John received approval for a sabbatical for the 1964-65 school year to investigate and report on how art was taught in England, as well as to visit galleries and museums. He received a British Arts Council grant for the project. John and his family sailed to England in the fall of 1964. This year was an exciting and grand adventure for all the family.
While teaching, John also passionately pursued creating art, expressing himself through painting, drawing, printmaking, and photography. His works were in numerous art shows throughout his career.
John retired from teaching in 1983 but continued to live an active life. He began exercise classes at the Canadian Centre for Activity and Aging at Western University. This made him a test subject for gerontology students, and at the end of each year he had to complete a thorough battery of tests. He sent his sons a copy of his report cards each year as a form of accountability.
John became hooked on professional baseball and was an avid Blue Jays fan. Each Thursday he would meet five old friends for lunch and a beer at the Waltzing Weasel. In the late 1990s, John gave in to coaxing and traded in his electric typewriter for a home computer. He kept in touch with family and friends with email and virtually explored art galleries around the world. However, he never used his computer to store anything. When he gave up using a computer in 2021, the unread emails in his Inbox were the only documents stored on it.
In the early 1990s, John was inspired to walk the ancient Camino pilgrim route in Spain. He began training with long walks each day. When he was confident in his fitness, he told friends and family he would be walking the Camino in the summer of 1995.
He set out from Chartes, France, March 13, 1995, arriving in Santiago, Spain, on May 28, 1995. John walked approximately 1,500 Km in 78 days. He slept in pilgrim hostels called albergues. He no doubt took satisfaction in completing this physical challenge at the age of 72. However, this walk had a much deeper meaning for him and changed his priorities and his perspective on life.

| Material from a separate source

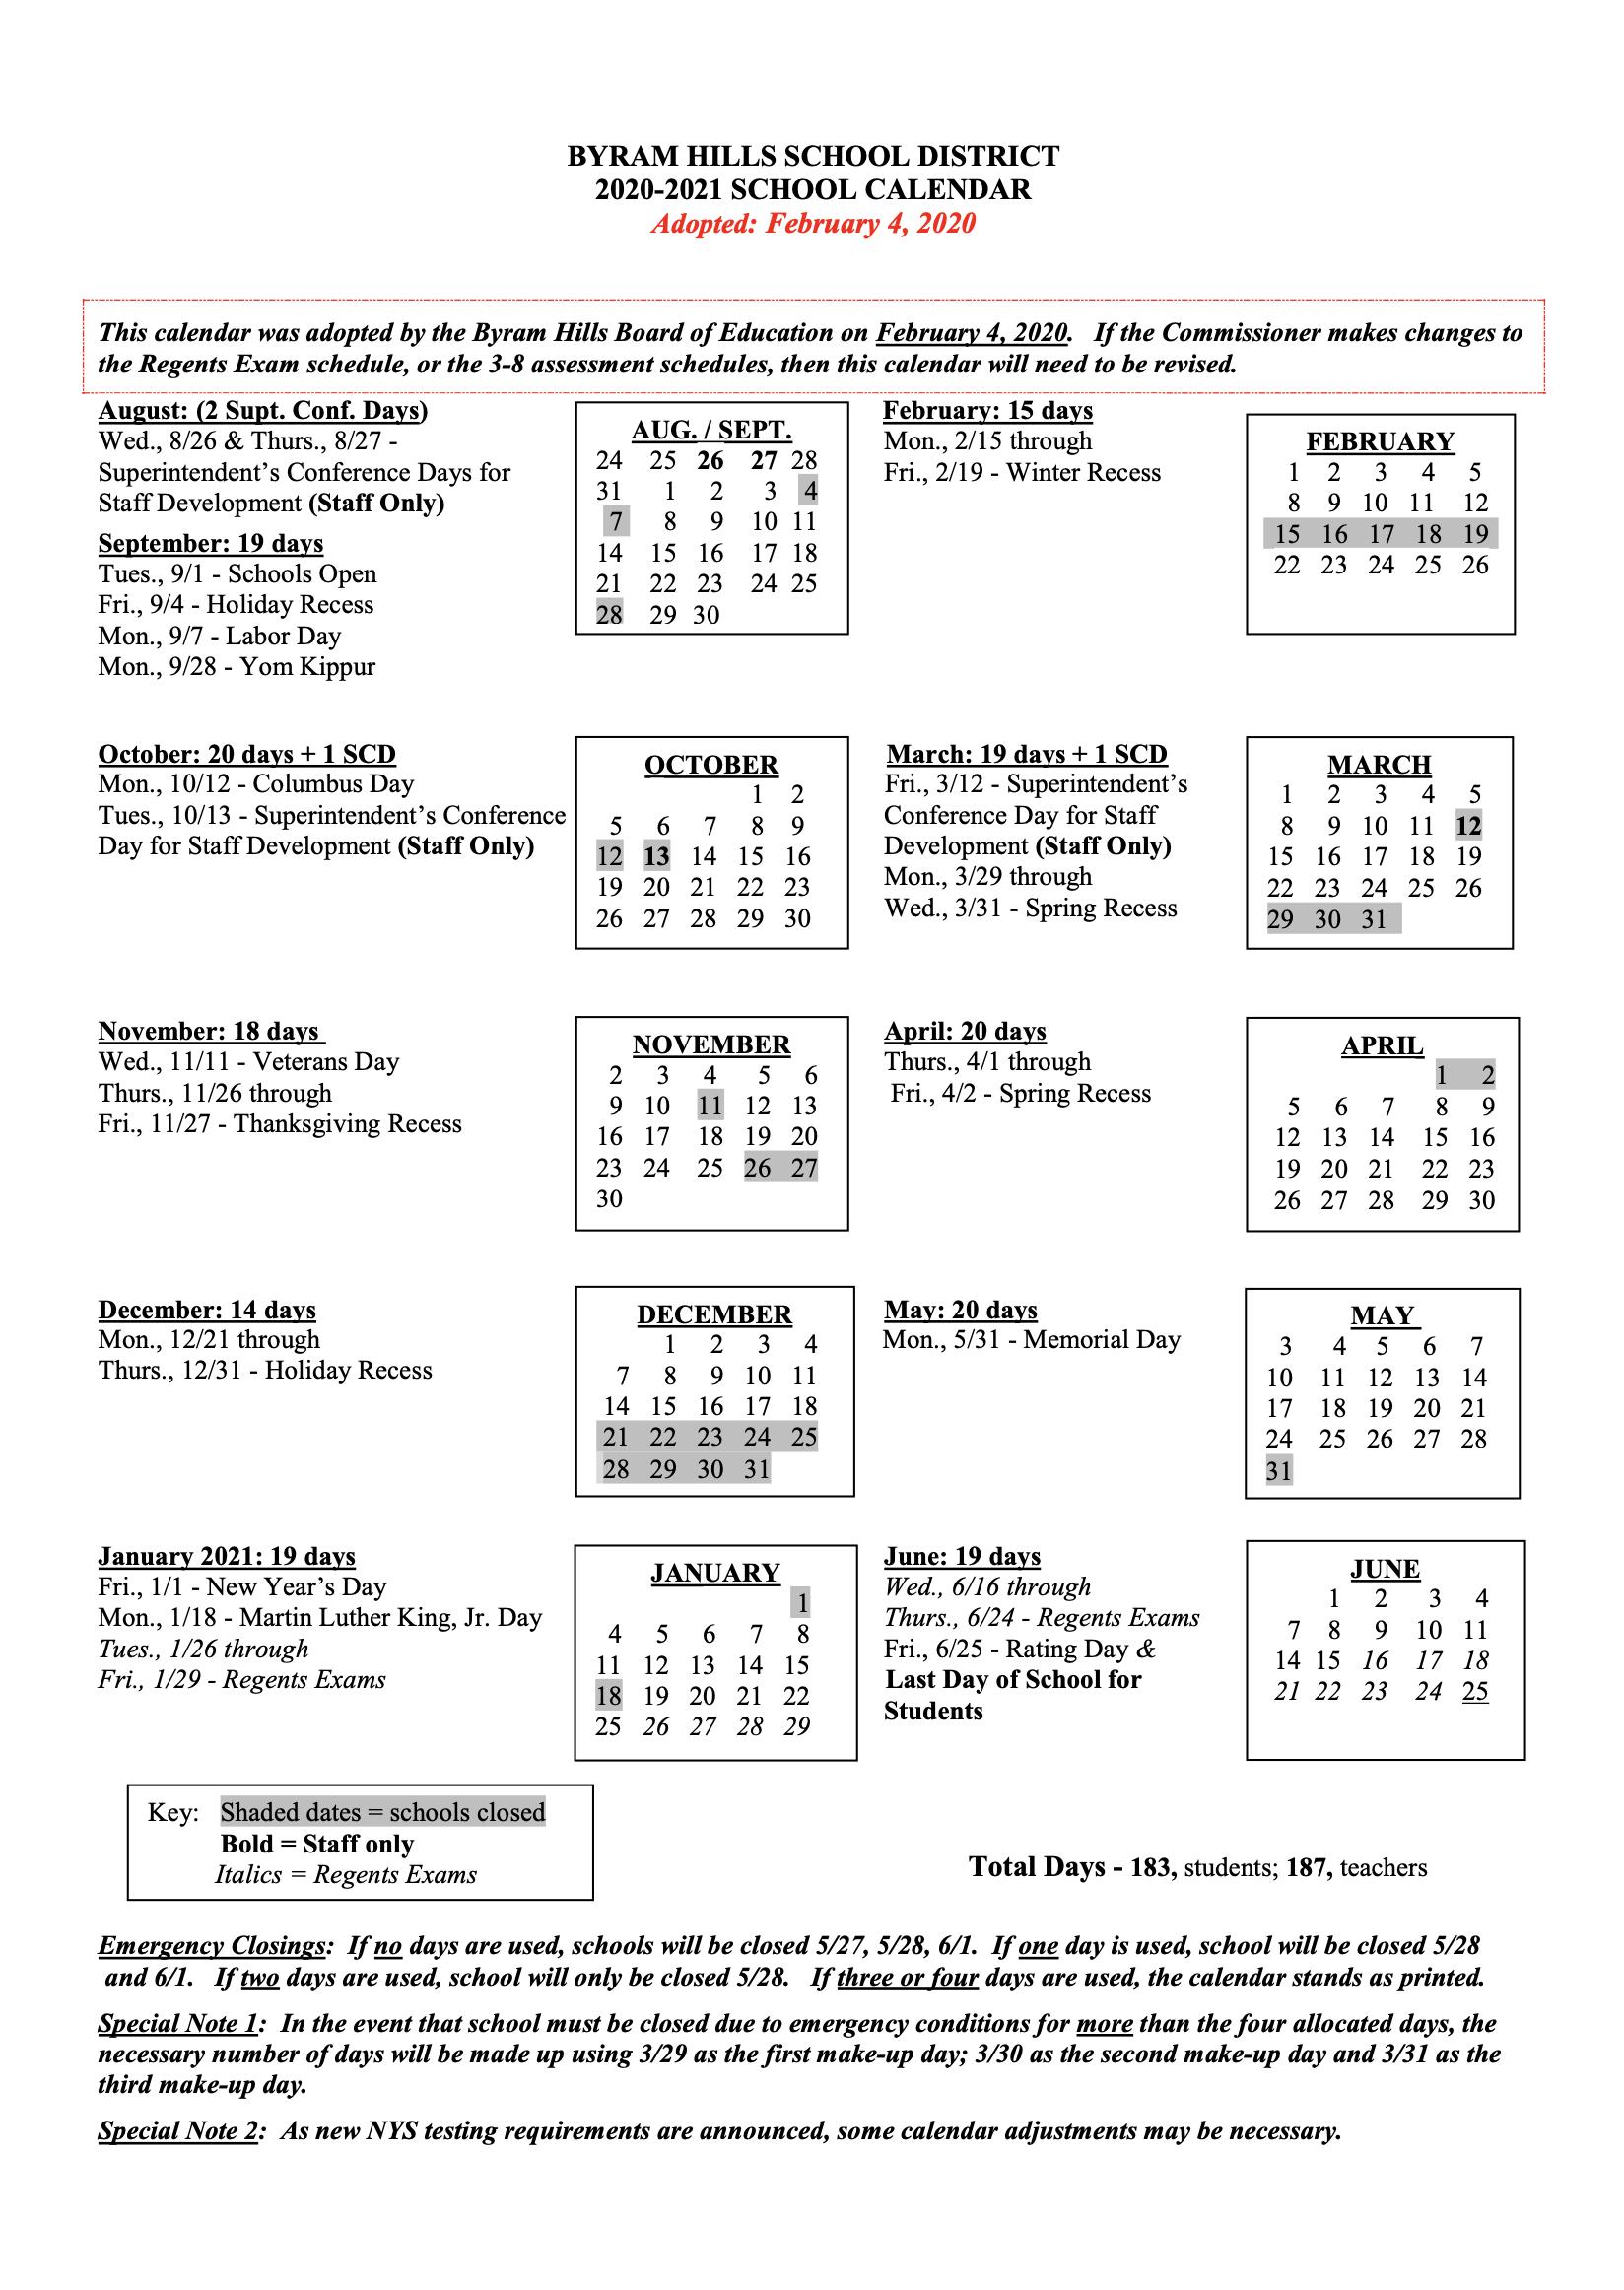 Calendar – Byram Hills Central School District Intended For College Of Staten Island Spring 2021 Calendar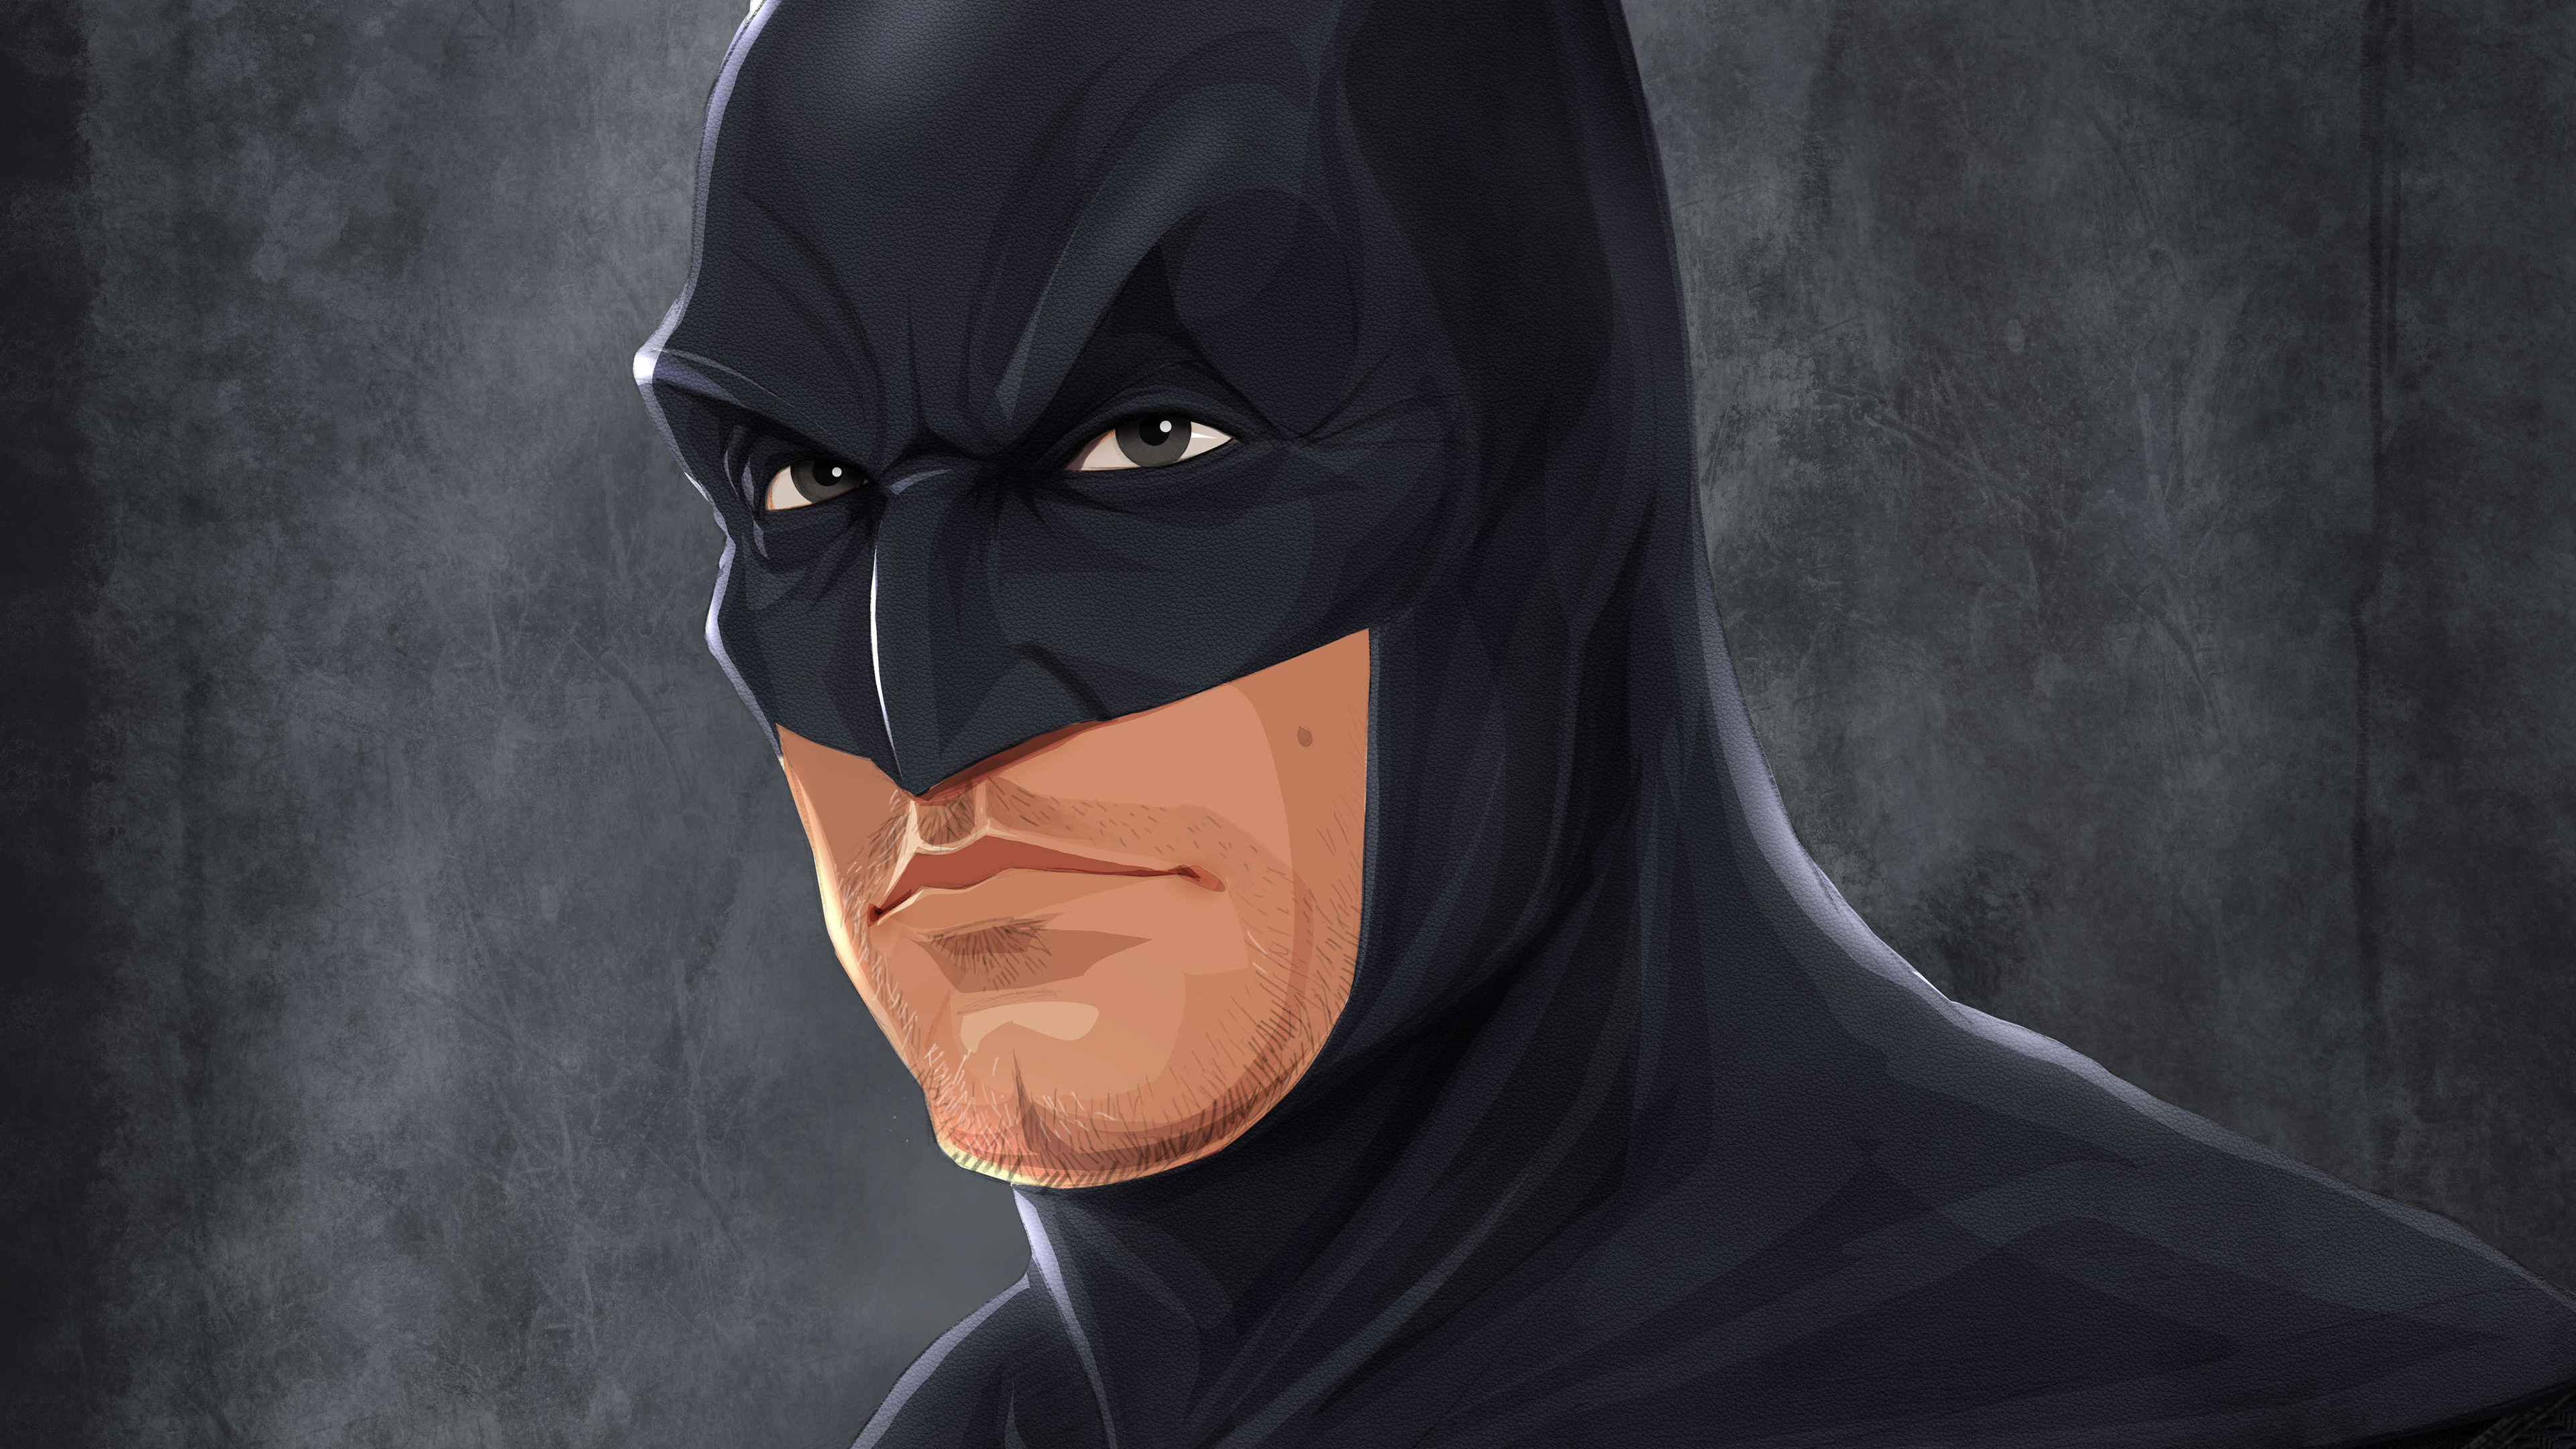 batman illustration 4k 1544286785 - Batman Illustration 4k - superheroes wallpapers, hd-wallpapers, behance wallpapers, batman wallpapers, artwork wallpapers, artist wallpapers, 4k-wallpapers

On his return to London, John told friends about his adventure and inspired many of them to go on a Camino walk. He gave talks at a church. Through his initiative, an informal network of Camino pilgrims began to grow in London. John remained passionately engaged with this group, and up until the pandemic, attended weekly get-togethers.
The current leader of the local pilgrims group wrote, “Thousands of pilgrims will have walked due to John’s influence. His walk and forming the London group with his friend, Wanda, was the stone in the pond, that has rippled outwards over thirty years. For very many, this has created life-changing watershed moments.”
John moved into the Grand Wood Park retirement home in 2013. He met friends for lunch, sketched, and read the weekly New Yorker from cover to cover. As for many seniors, isolation during the pandemic slowed him down, but he remained sharp and interested in the world and others.
John was anticipating his upcoming centennial birthday party with excitement, but it was not to be. After getting up during the night, he fell critically hitting his head. John passed peacefully days later, while in care at Victoria Hospital.
Those who know John well will not be surprised to know he left instructions that there be no funeral, visitation, or memorial, and that he be cremated, and his ashes scattered at Smoke Lake. In lieu of flowers, the family requests those who wish to express sympathy to consider donating to their favorite charity.